Architect - W. B. Faville of San Francisco.
The high walls, averaging seventy feet to the cornice, with their
respective buttresses, are strongly suggestive of the California missions
of the eighteenth century.
The "California bear" and the Seal of California are in decorative and
suggestive evidence at the tops of the buttresses.
The green domes on the palace belong to the Byzantine school of
architecture, such domes as one sees in the mosques of Constantinople
and other Mohammedan centers.
The windows seen in the corner towers are the same kind that one sees
used in the majority of mosques.
The beautiful central portal, facing south, is modeled after the Portal of
the Hospice of Santa Cruz at Toledo, Spain.
It is 16th century Spanish Renaissance, known as the Plateresque style
(from platero, silversmith).

The columns suggest a wood origin and look as if they had been turned
in a lathe.
The portal is the color of cork, illuminated here and there with niche
walls of pink, and touches of ultramarine blue.
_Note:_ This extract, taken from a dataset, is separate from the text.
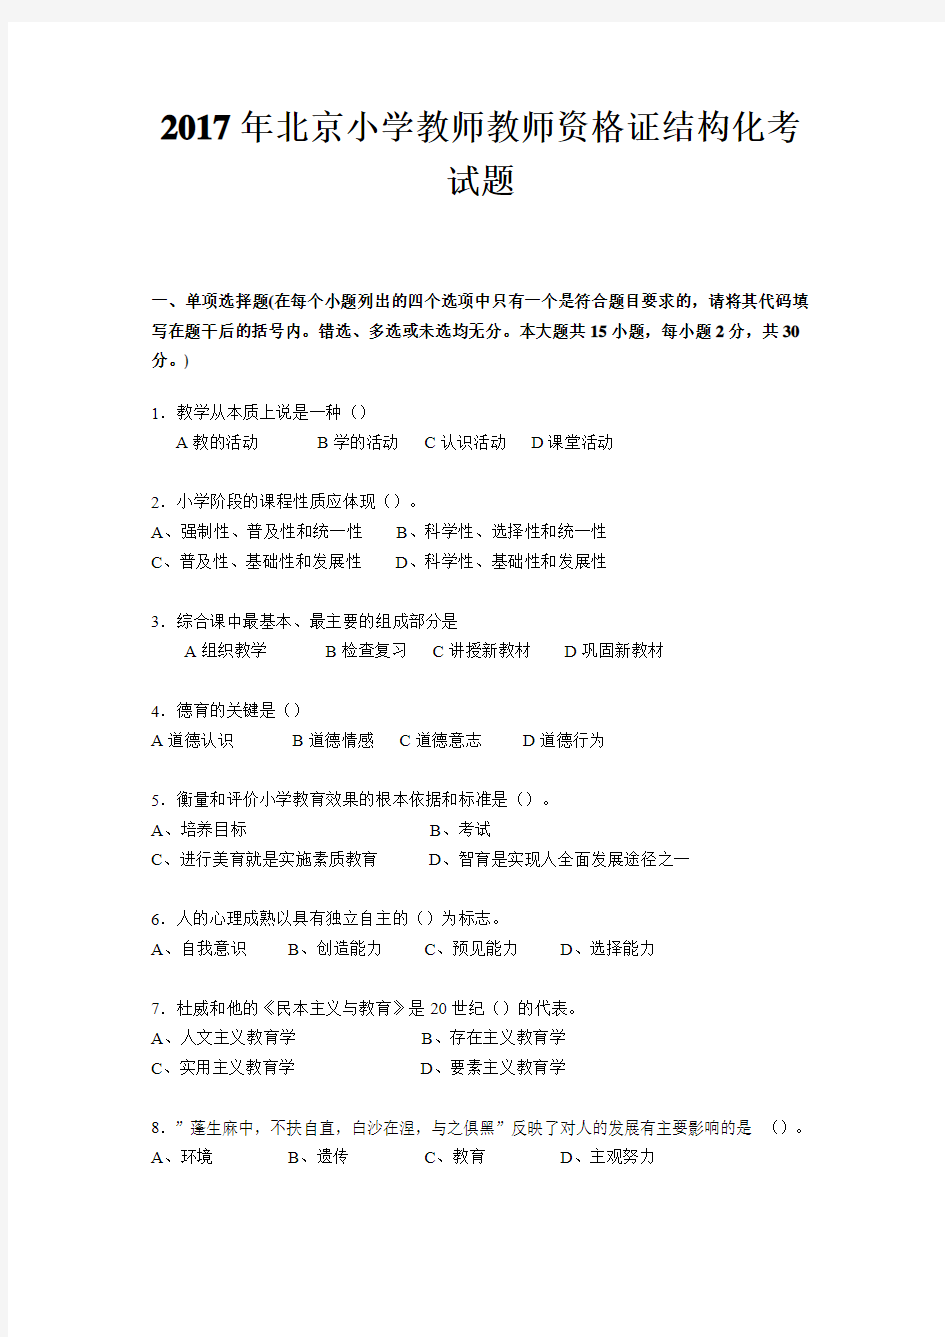 2017年北京小学教师教师资格证结构化考试题
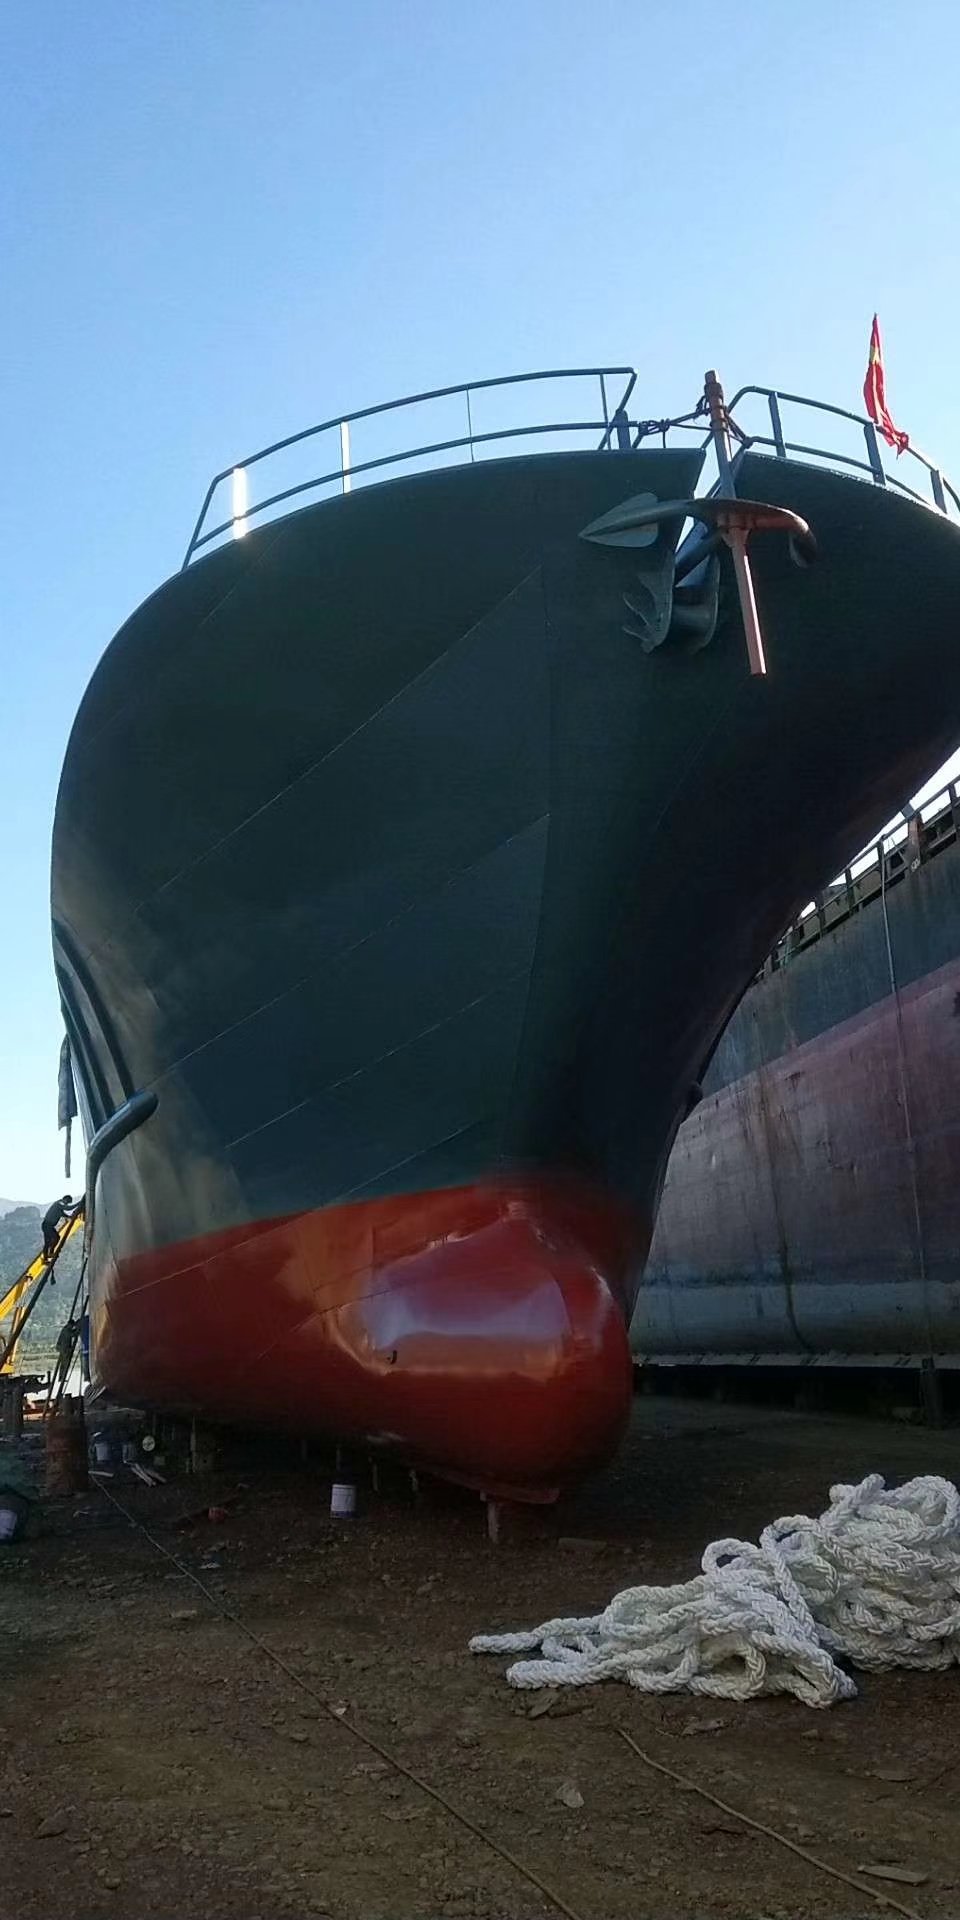 680吨水船

The fine figure work representing the modern industrial types is by
Ralph Stackpole of Oregon, whose home is now in San Francisco. He
expresses himself most simply and unaffectedly, in clear, broad
treatment, and makes the ordinary workman a man to be honored and
respected.
The upper figures represent an old man handing his burden to a
younger man. The Old World Handing Its Burden to the Younger
World, that is America, is finely suggested.
The keystone figure represents The Power of Industry, the man who
both thinks and uses his hands.
In the tympanum are the types representing the Varied Industries.
In the center is Agriculture representing the food side of life. On the
left a workman, possibly an architect, suggests the refinements of the
varied industries, while on the right one sees the ordinary workman
with his sledge-hammer, bringing to mind the rougher side of industry.
In the left corner a woman with her spindle - a lamb standing near -
recalls the making of textiles. Commerce occupies the right corner,
holding the prow of a vessel with its figurehead.
The Workman with his pick is repeated in the four niches.
The two flanking portals are also in the plateresque style with devices
of this Spanish Renaissance period represented on them.
The shields, or cartouches as they are called, have no special meaning,
being only ornaments of this particular period.
The portals on the east of the Palace of Varied Industries and also of
the Palace of Mines are suggestive of gateways of old Roman walled
cities, like those of Perugia, for instance. This Italian type of portal is
chosen since Machinery Palace opposite is in the Italian style of
architecture.
Notice how the pastel pink accents the portal.
The figure of "The Miner" in the niches is by Albert Weinert, whose
work in the Congressional Library at Washington is well known.
The Palace of Varied Industries has an exhibition of the more refined
manufactures, those articles that are regarded more as luxuries, such as

bronzes, jewelry, silverware, fine pottery, porcelains, rugs, leather work,
silks, etc.
The Palace of Mines deals with the smelting of metals, a fine exhibition
of different ores, and above all "Safety First" in its relation to mines.
The Mines Rescue work is most interesting.